Usually, when you do this exercise, you are able to spot the untruths that run wild in your head, convincing you that you are doomed. And rarely when we are faced with our assumptions is there is a lot of evidence to them.

Advertising

10. You Are Not Defined by Your Fear

One fear does not define your life – be mindful of that. It is likely to lead you to thinking of all the times you’ve succeeded and bring a moment of calm, confidence and faith back to you.

11. Go with Fear

When you learn to go with fear, you could find yourself actually having fun, no seriously – having fun.

I have a few amazing clients I’m working with right now who would describe themselves as life long worriers, or pessimists. In the past, that has served them well, enabling them to keep safe, steer clear of risks and even develop strategies in the event of disasters. However, now they find it’s becoming hard to break the cycle and they really want to because it’s holding them back.

Notice how they’ve found their hidden fears and want to face them?

One client said “I knew this was going to be tough, and I knew I couldn’t fight it alone and I knew you would be the one to help me.” Before, I sat an incredibly successful, confident, capable business owner with a family and a social life to die for.

However, I’ve learned that the most successful looking lives can hide things that impact on life, success, love, happiness and business.

We didn’t start with the fear that they felt was holding them back, we broke the fear down, and found lots of little obstacles that had been deemed as “life” and “unchangeable” and “that’s just the way it is” by developing awareness to the little steps on the road to their obstacles to happiness and success they were able to tackle them in a different way.

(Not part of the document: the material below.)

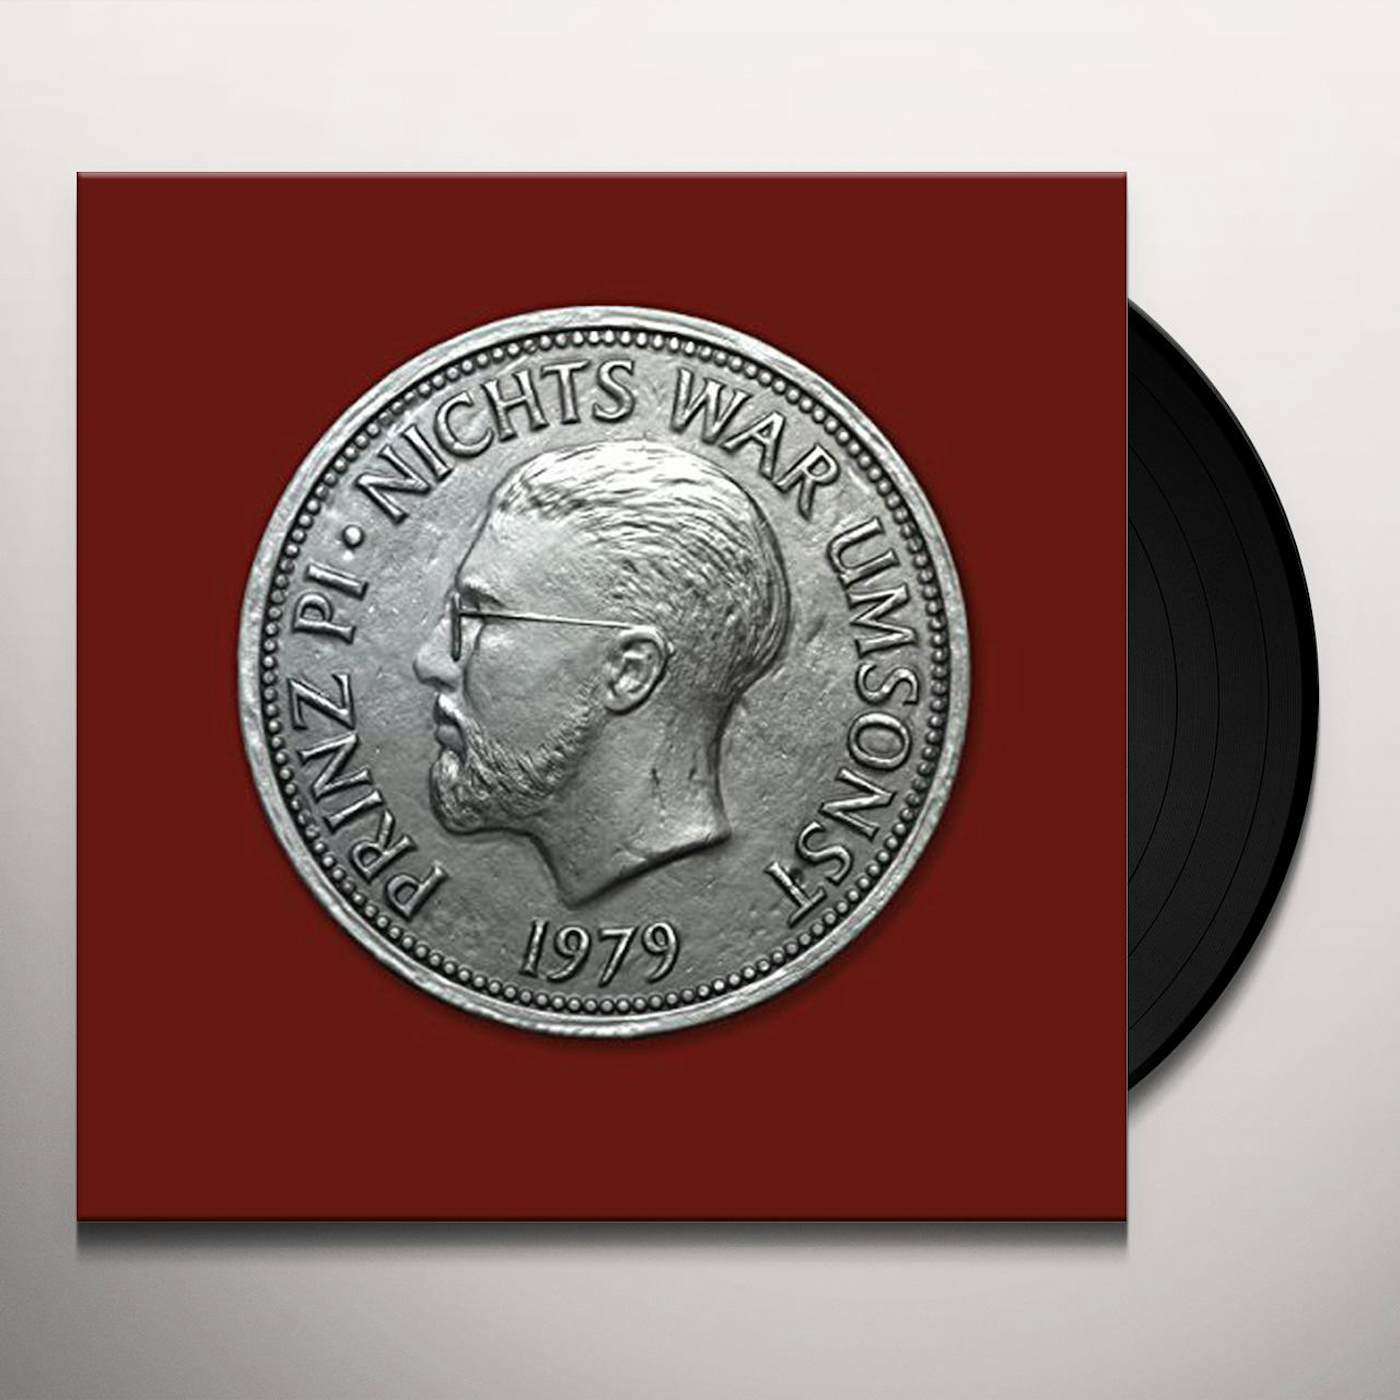 Prinz Pi Nichts war umsonst Vinyl Record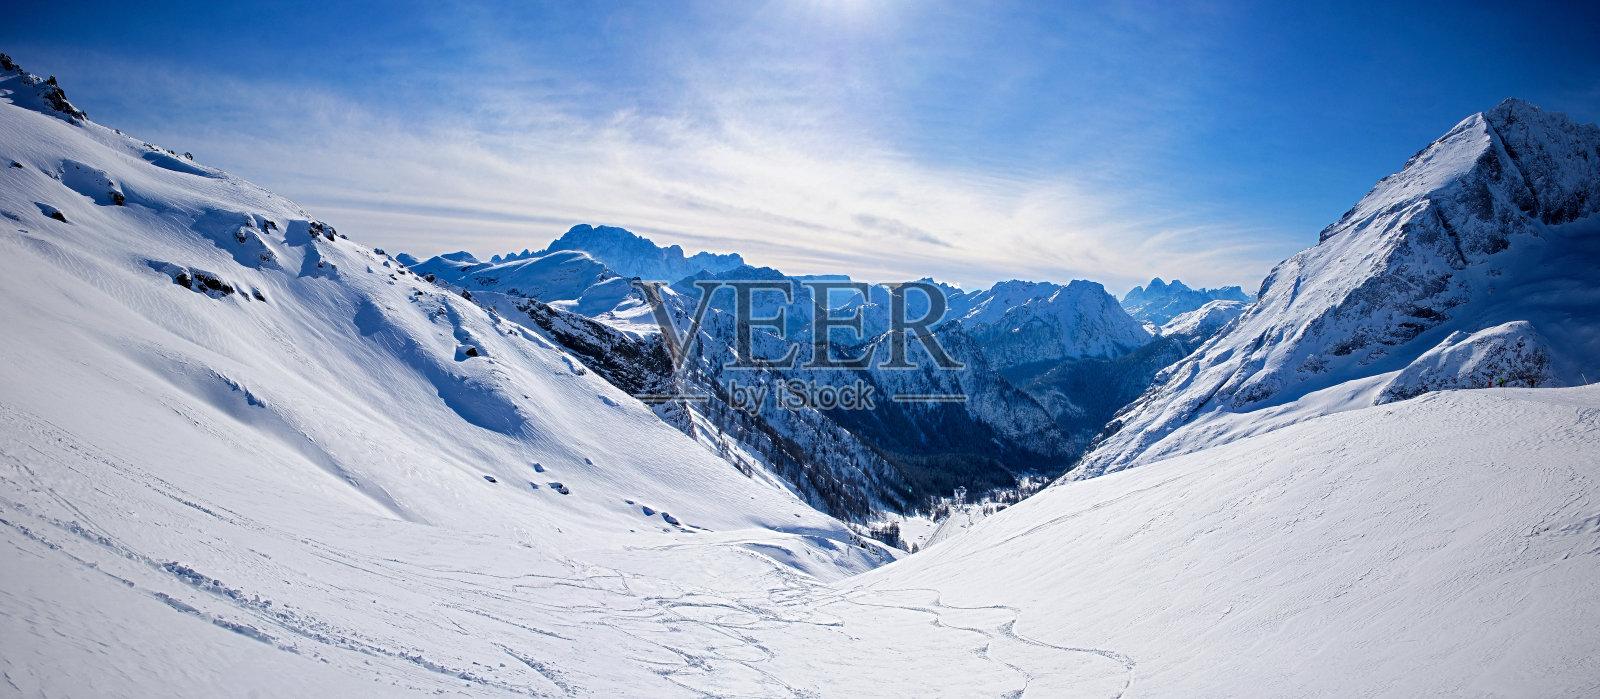 雪域白云石的全景照片摄影图片

12. Discover Great Skills in Your Scary Moments

And in that client’s words, “I came here to work with you to grow my company, and my own personal skills. I didn’t expect to get the children to be cleaning up after themselves and my partner being more attentive! It all feels a little magic.”

The moral is that out of the scariest of moments, we can find great skills we didn’t know we had. Find better, healthier, happier ways to live and find ways to enjoy life more. (And have a bit of magic!)

What a great place to be in ready for the next fear that thinks it’s going to get in the way of you, right?

13. Own Your Fear

Think back over these tips and come up with at least one example for each one. Write them down. Put them on your phone. Turn them into a piece of art. Turn them into a poem. Frame them. Go for a fast walk across the fields, beach, down town and repeat these things in your head to the sound of your feet on the ground.

We rarely take the time to appreciate how far we have come, how much we can achieve or what we are capable of – by really owning the tips in this article, you will have given your brain a big fat dose of “Damn right! I can do this!” and the motivation and accountability to say “Let’s find a way” through any fear.

You can’t help but feel good when you see that, can you? And fear doesn’t stand a chance, does it?